→ **Given data**
____

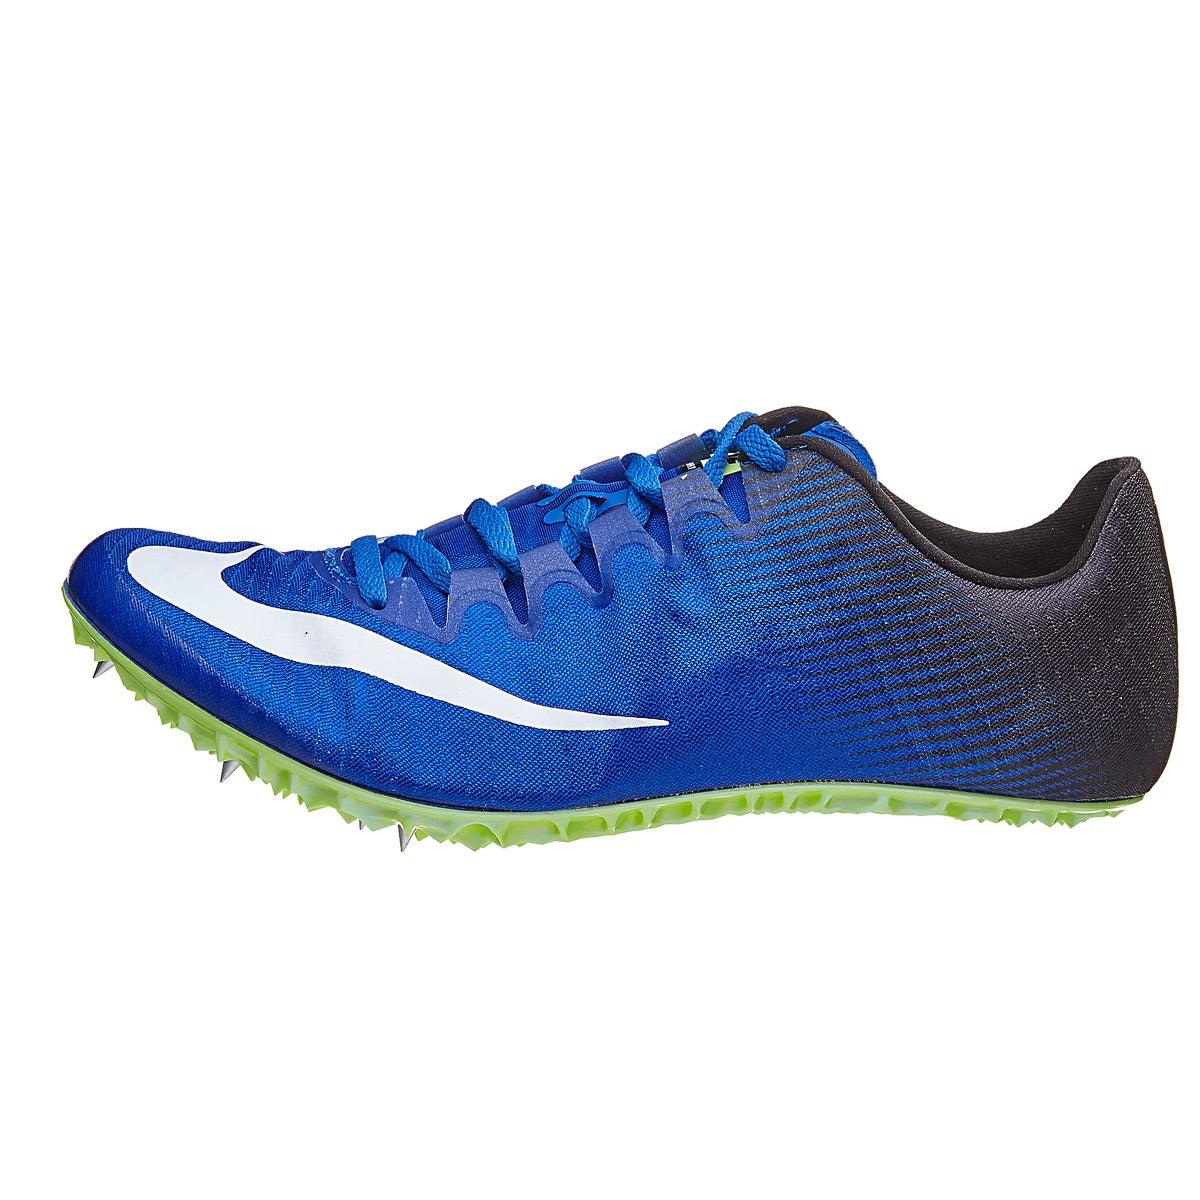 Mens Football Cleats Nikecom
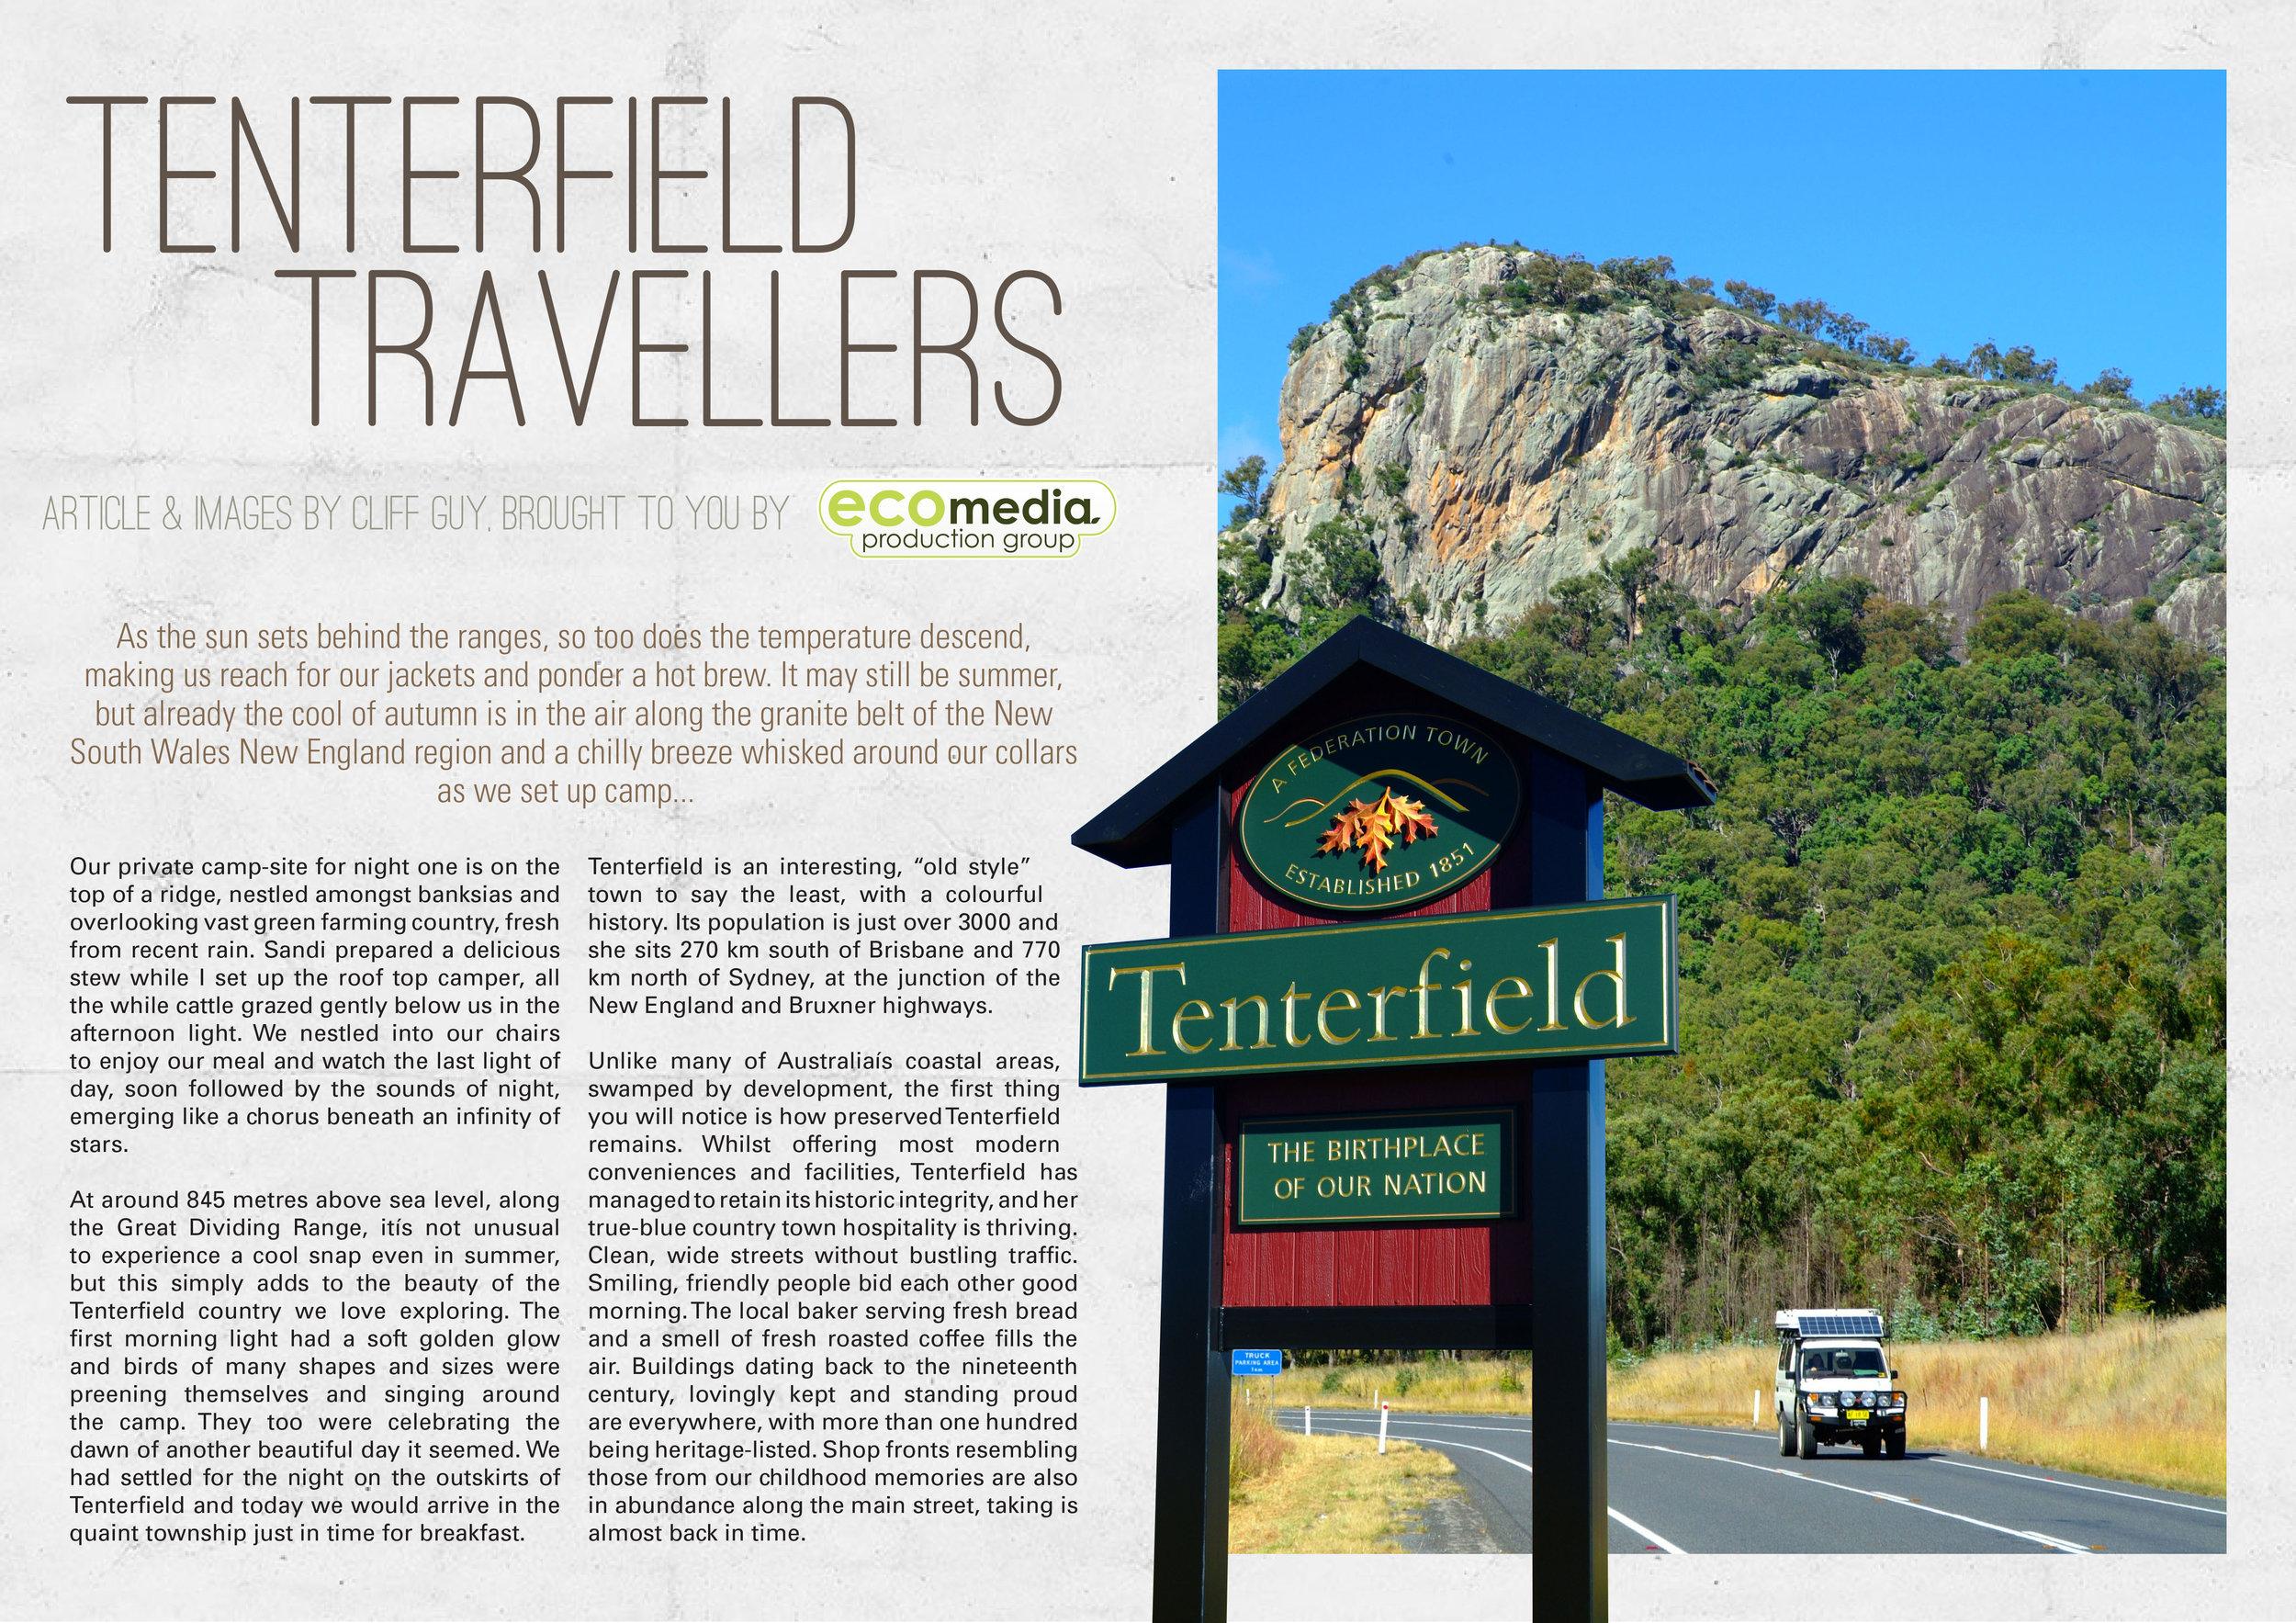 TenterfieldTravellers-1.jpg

____

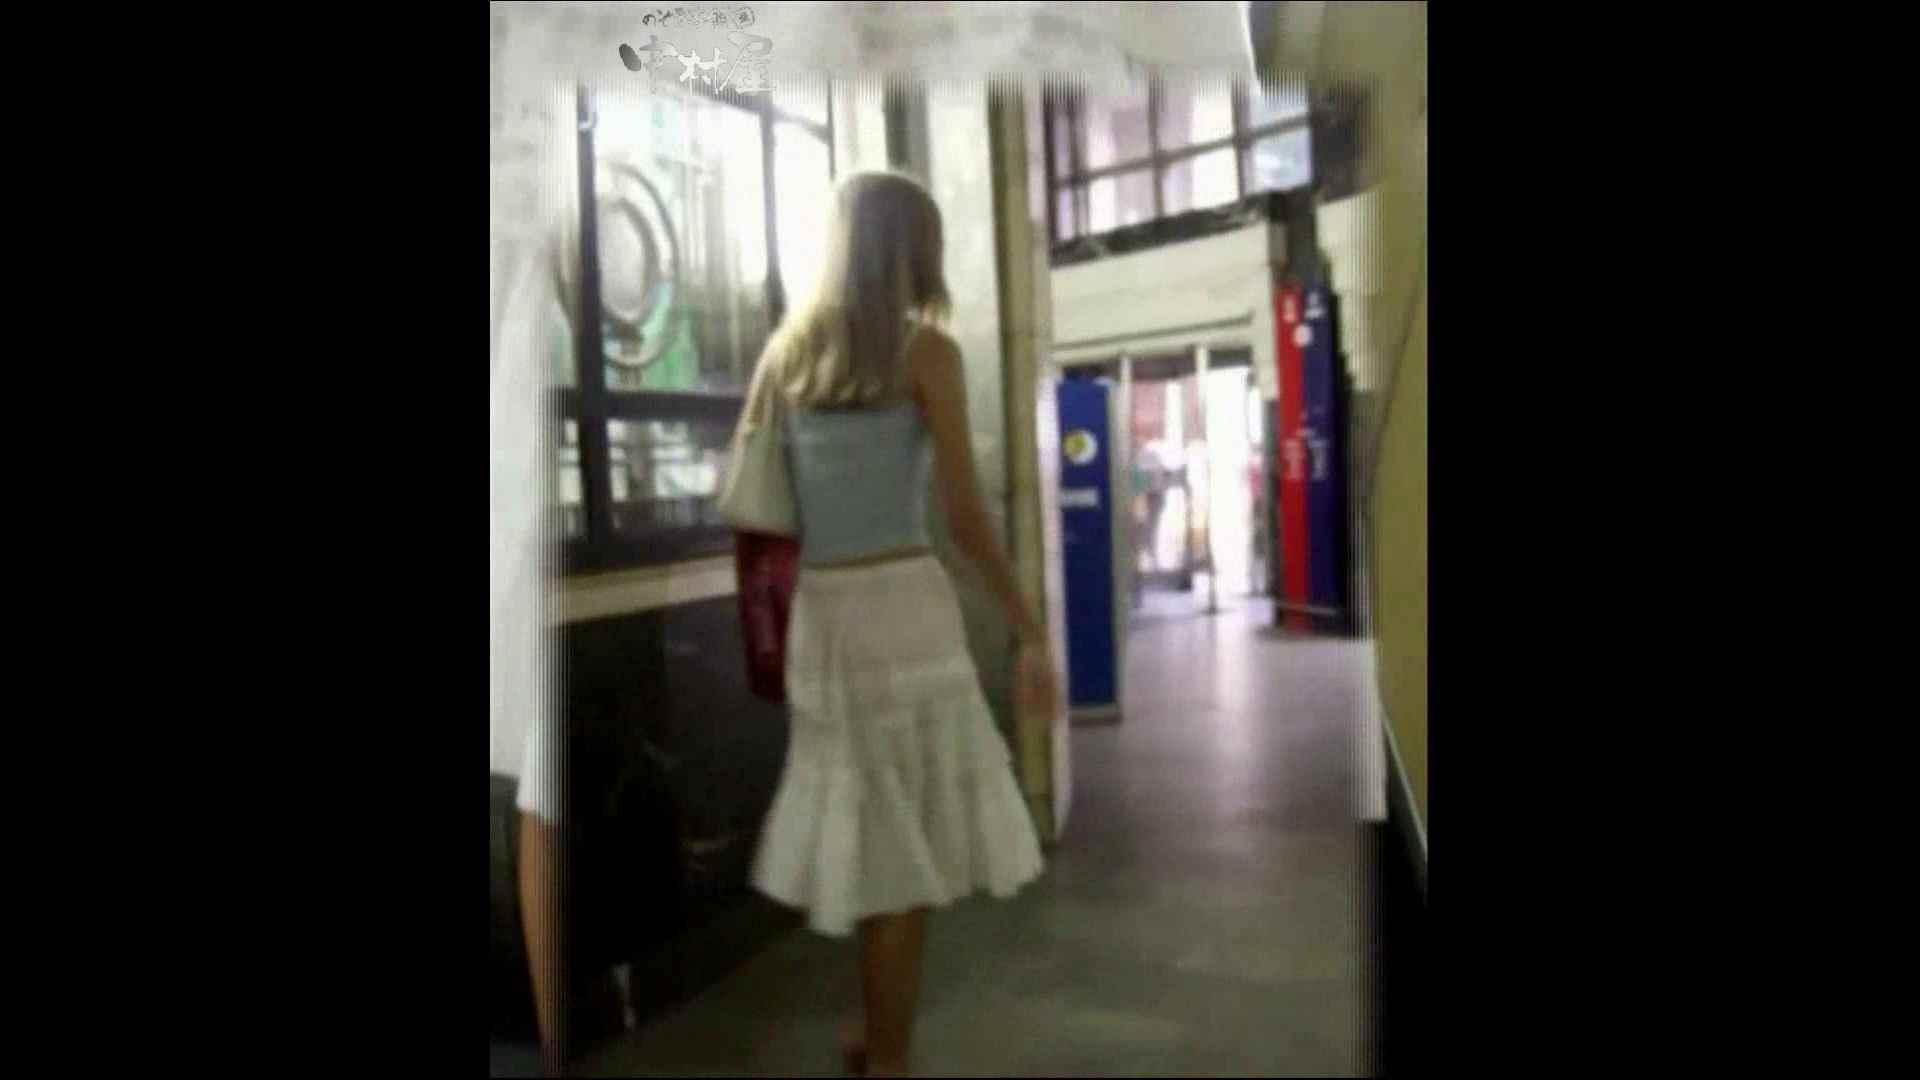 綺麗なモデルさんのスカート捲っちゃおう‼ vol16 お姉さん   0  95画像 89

____

→ **What to work on**
Give back the exact lines above, running from the one that has "Mens Football Cleats Nikecom" through the one that has "TenterfieldTravellers-1.jpg", with nothing added and no pictures.

→ **Solution**
 Mens Football Cleats Nikecom
 TenterfieldTravellers-1.jpg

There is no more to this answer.